**What you have to do**
Only the lines below from the one containing "1937 Fotografía tomada" through the one containing "Battery for Stanley, Fmc625d2, Fmc645d2, Fmc675b" belong in the answer, repeated exactly and without pictures.

**Source material**
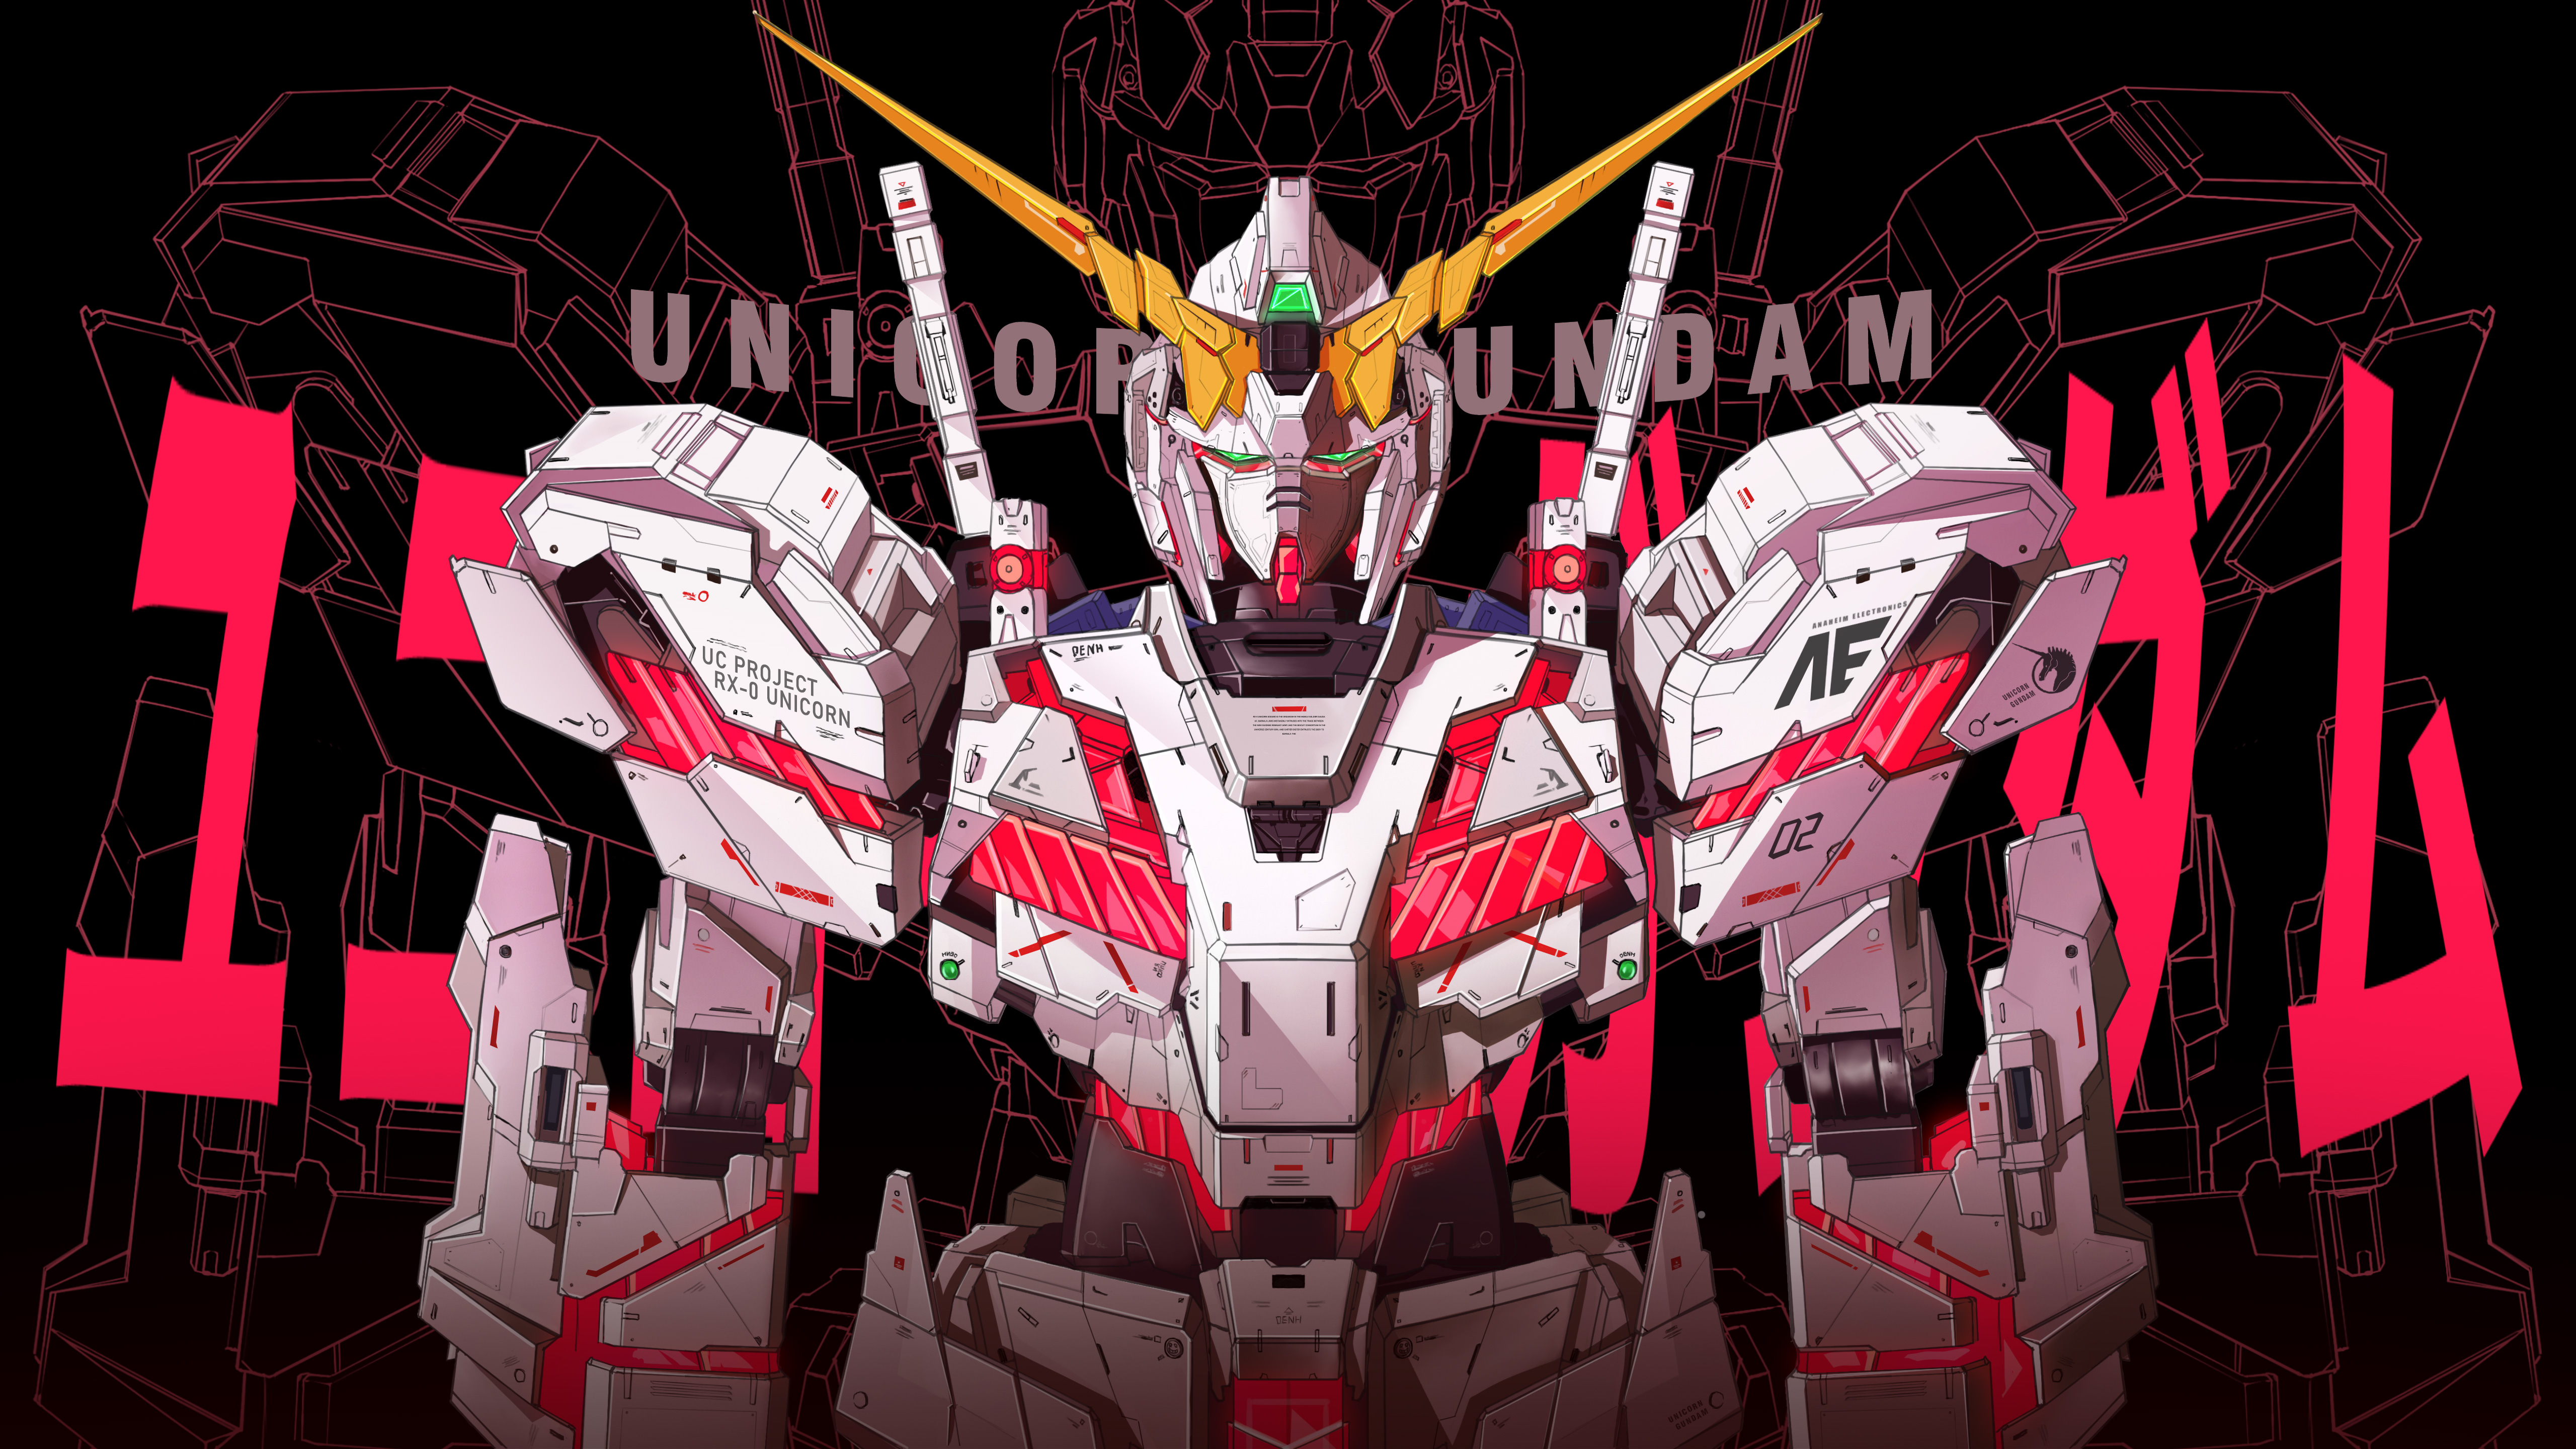 Hình nền Gundam Unicorn 4K: Với hình nền Gundam Unicorn 4K, bạn sẽ được chiêm ngưỡng thiết kế tuyệt đẹp của siêu xe nổi tiếng này với độ phân giải cao nhất. Hãy hình dung bạn có thể nhìn thấy từng chi tiết chân thật của Gundam Unicorn trên màn hình của mình. Chắc chắn, hình ảnh đẹp đến nao lòng sẽ khiến bạn phấn khích và muốn sở hữu ngay!
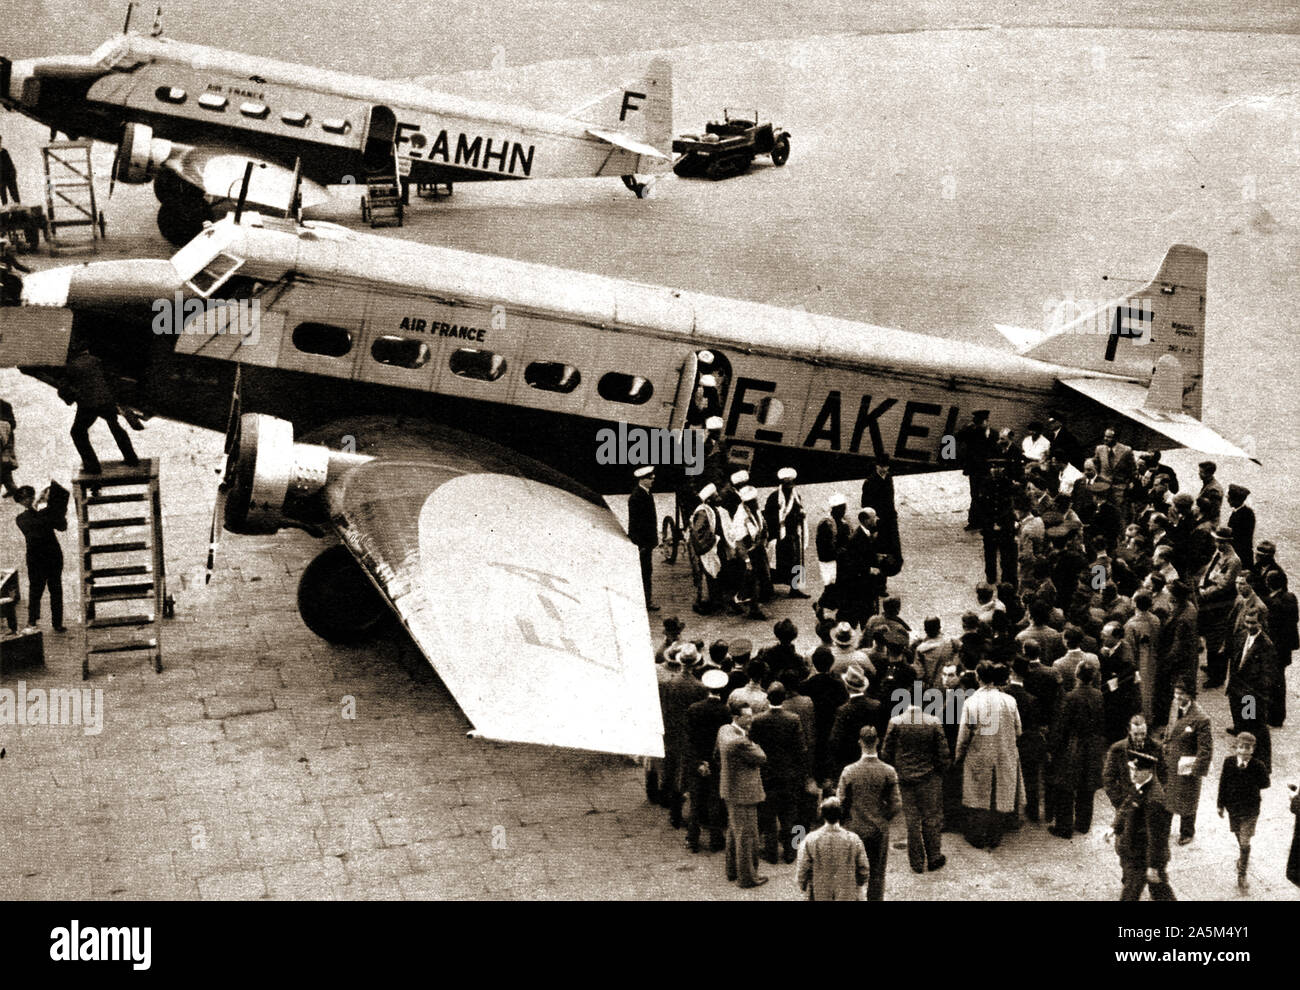 1937 Fotografía tomada durante la coronación del rey Jorge VI de Gran Bretaña. Royal Guest Seif Al Islam Hussein de Yemen desembarcar en el aeropuerto de Croydon desde un avión de Air France Foto de stock
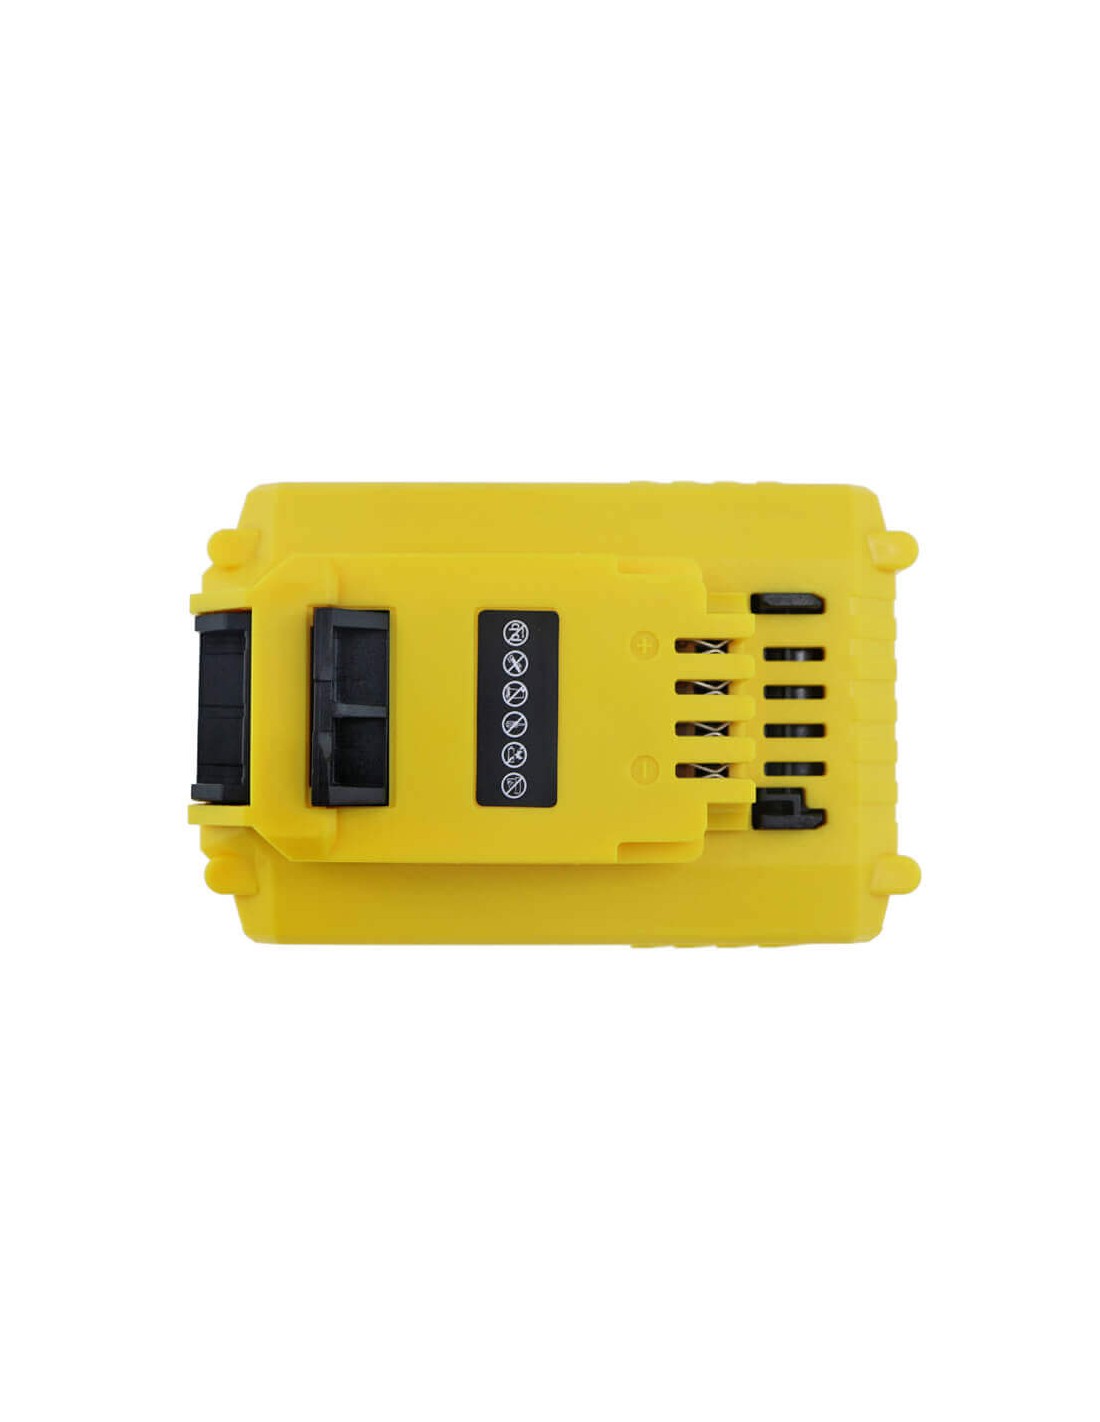 Battery for Stanley, Fmc625d2, Fmc645d2, Fmc675b 18V, 2000mAh - 36.00Wh
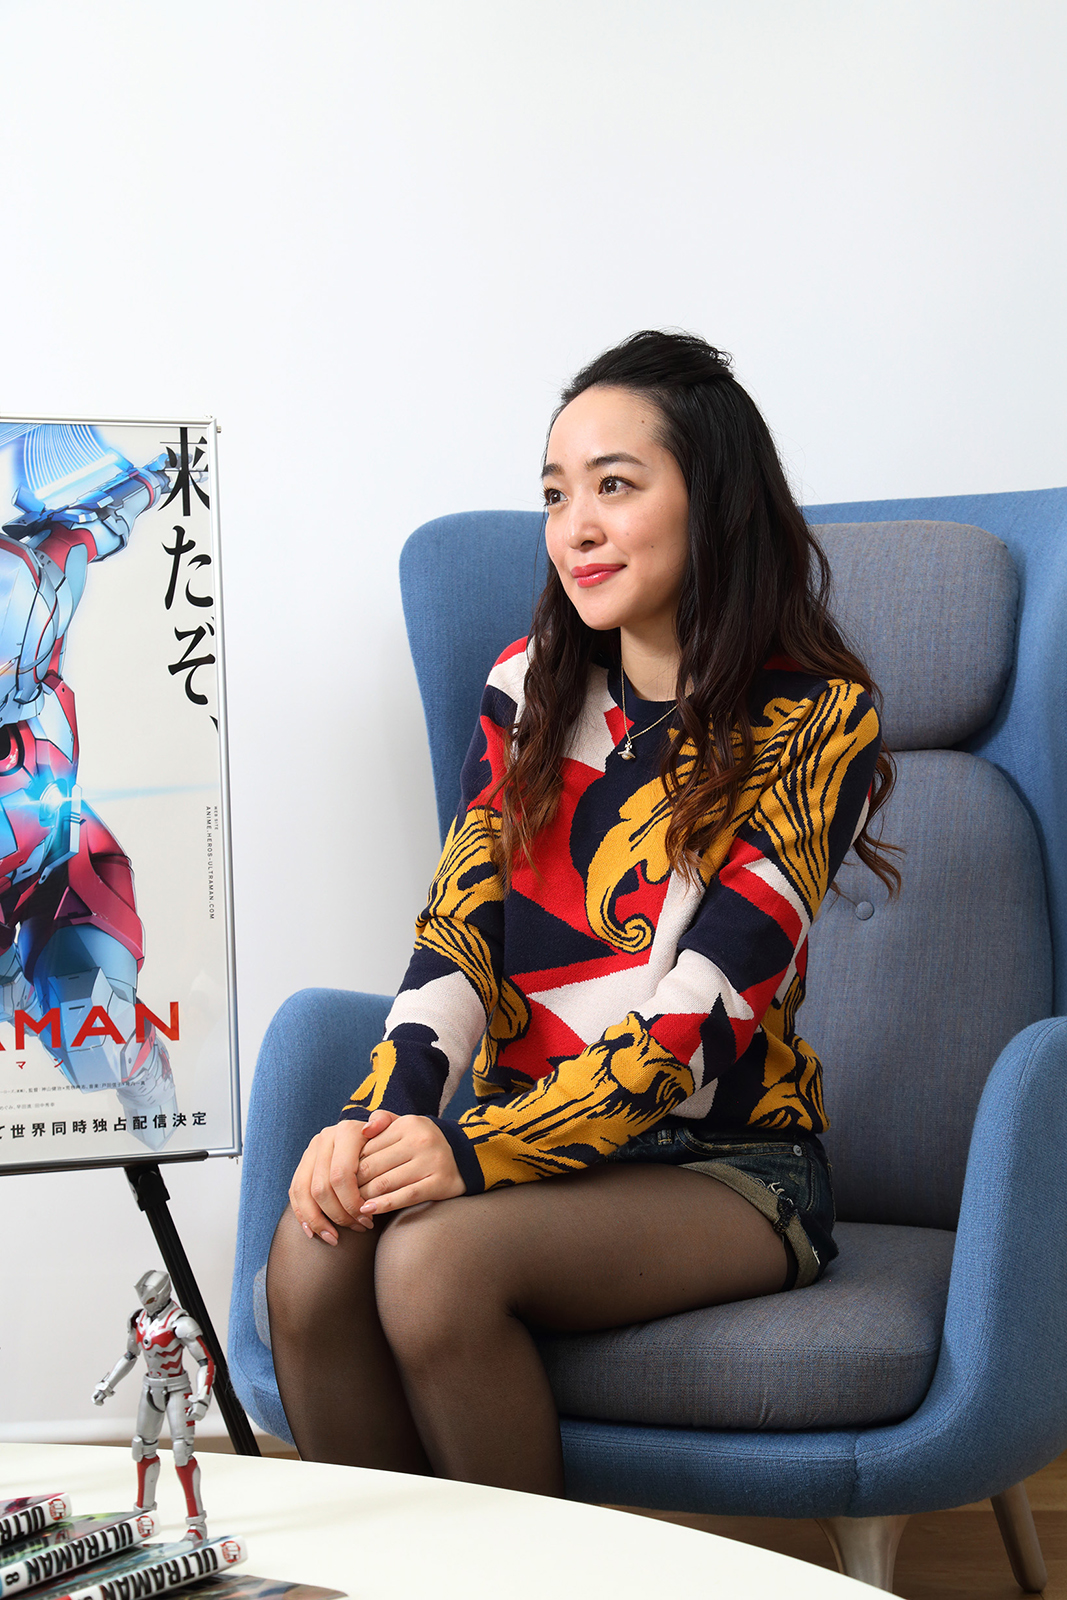 アニメ Ultraman キャストインタビュー Vol 3 潘めぐみさん Ultraman公式サイト

**Answer below**
 1937 Fotografía tomada durante la coronación del rey Jorge VI de Gran Bretaña. Royal Guest Seif Al Islam Hussein de Yemen desembarcar en el aeropuerto de Croydon desde un avión de Air France Foto de stock
 Battery for Stanley, Fmc625d2, Fmc645d2, Fmc675b 18V, 2000mAh - 36.00Wh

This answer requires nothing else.